The first thing it sent was a couple pictures of its surroundings: Elysium Planitia, a rather boring-looking, featureless plane that is nevertheless perfect for InSight’s drilling and seismic activity work.

The images, taken with its Instrument Context Camera, are hardly exciting on their own merits — a dirty landscape viewed through a dusty tube. But when you consider that it’s of an unexplored territory on a distant planet, and that it’s Martian dust and rubble occluding the lens, it suddenly seems pretty amazing!

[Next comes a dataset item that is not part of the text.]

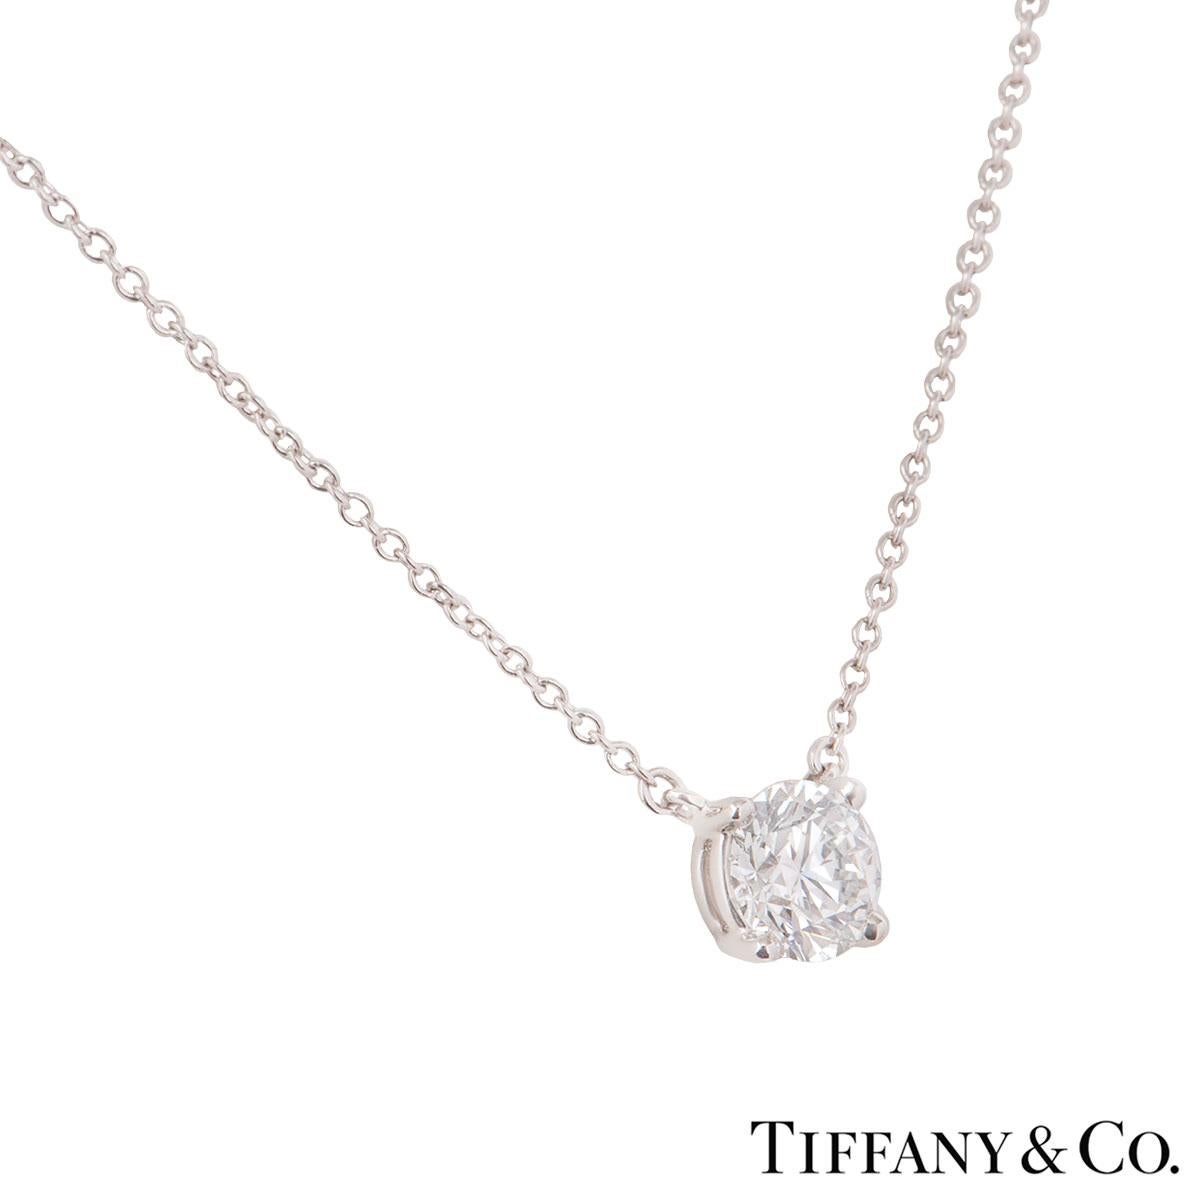 A lovely Tiffany & Co. platinum diamond pendant. The pendant features a single round brilliant cut diamond in a 4 claw setting with a weight of 0.94ct, E colour and VVS2 clarity. The pendant features a 15.80 inch cable chain with a spring clasp and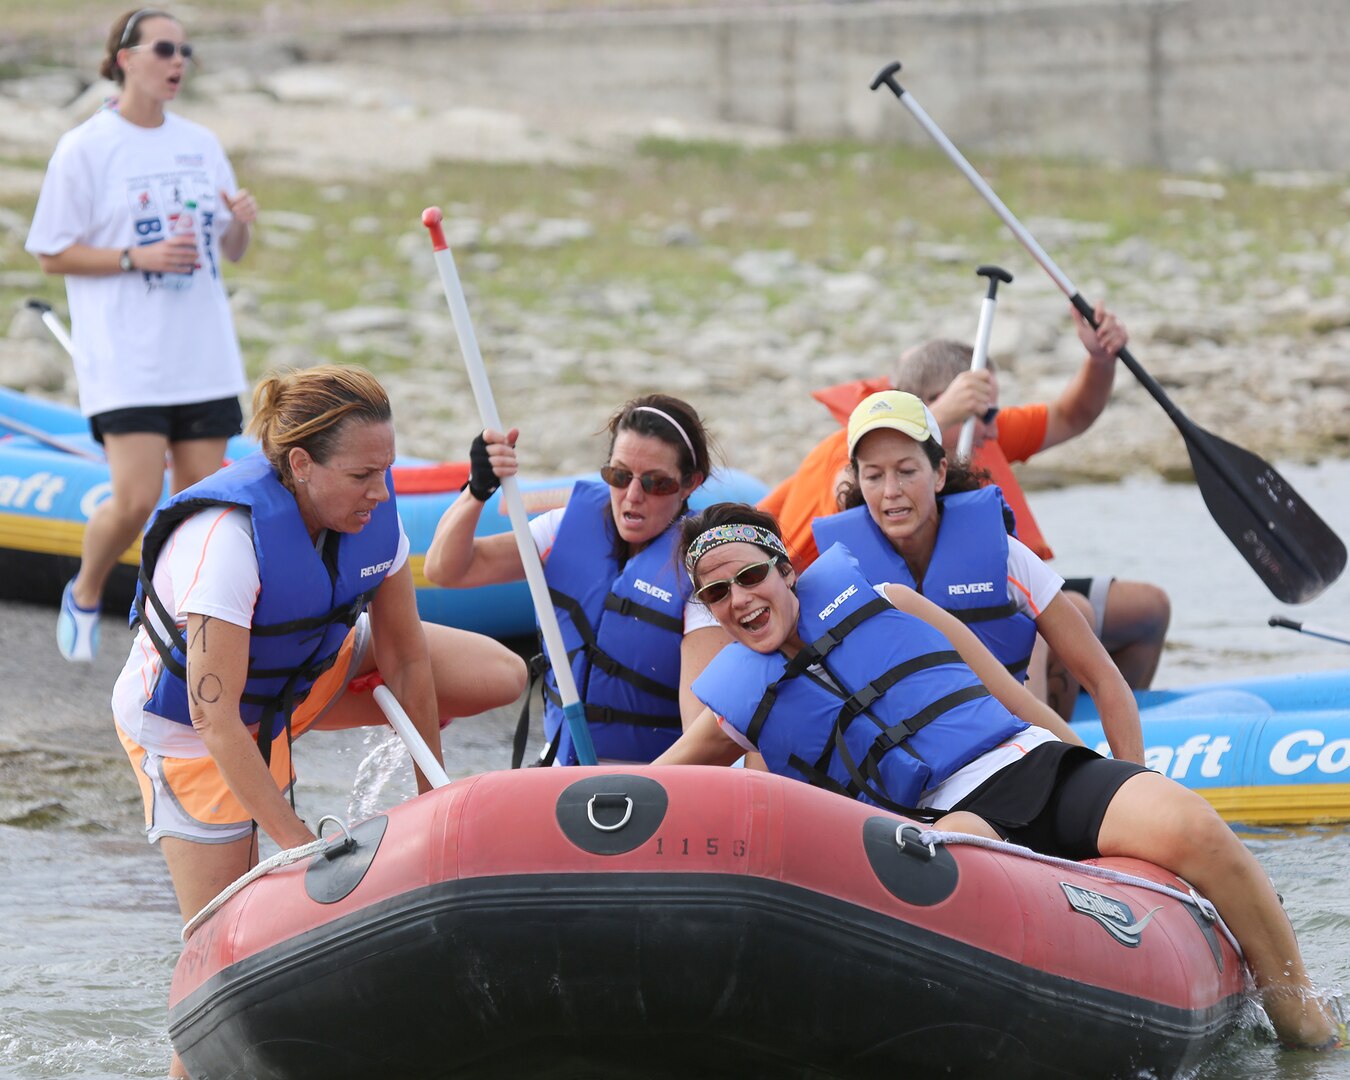 (From left to right)  Chrissy Jenkins, team captain, Rebecca Sinopoli, Danette Blair and Roberta Morrissey of the X-tremely Sweaty Housewives team board a raft for the 2-mile rafting portion of the Rambler 120 triathlon event held at Joint Base San Antonio Recreation Park, Canyon Lake, Texas, Oct. 20.  The team captured the Silver – All Female Xtreme category in the competition with a time of 2:57:40 (U.S. Air Force photo by Dan J. Solis)


Decelerating from interplanetary velocity and making a perfect landing was definitely the hard part, but it was by no means InSight’s last challenge. After touching down, it still needs to set itself up and make sure that none of its many components and instruments were damaged during the long flight and short descent to Mars.

And the first good news arrived shortly after landing, relayed via NASA’s Odyssey spacecraft in orbit: a partial selfie showing that it was intact and ready to roll. The image shows, among other things, the large mobile arm folded up on top of the lander, and a big copper dome covering some other components.

Telemetry data sent around the same time show that InSight has also successfully deployed its solar panels and its collecting power with which to continue operating. These fragile fans are crucial to the lander, of course, and it’s a great relief to hear they’re working properly.

These are just the first of many images the lander will send, though unlike Curiosity and the other rovers, it won’t be traveling around taking snapshots of everything it sees. Its data will be collected from deep inside the planet, offering us insight into the planet’s — and our solar system’s — origins.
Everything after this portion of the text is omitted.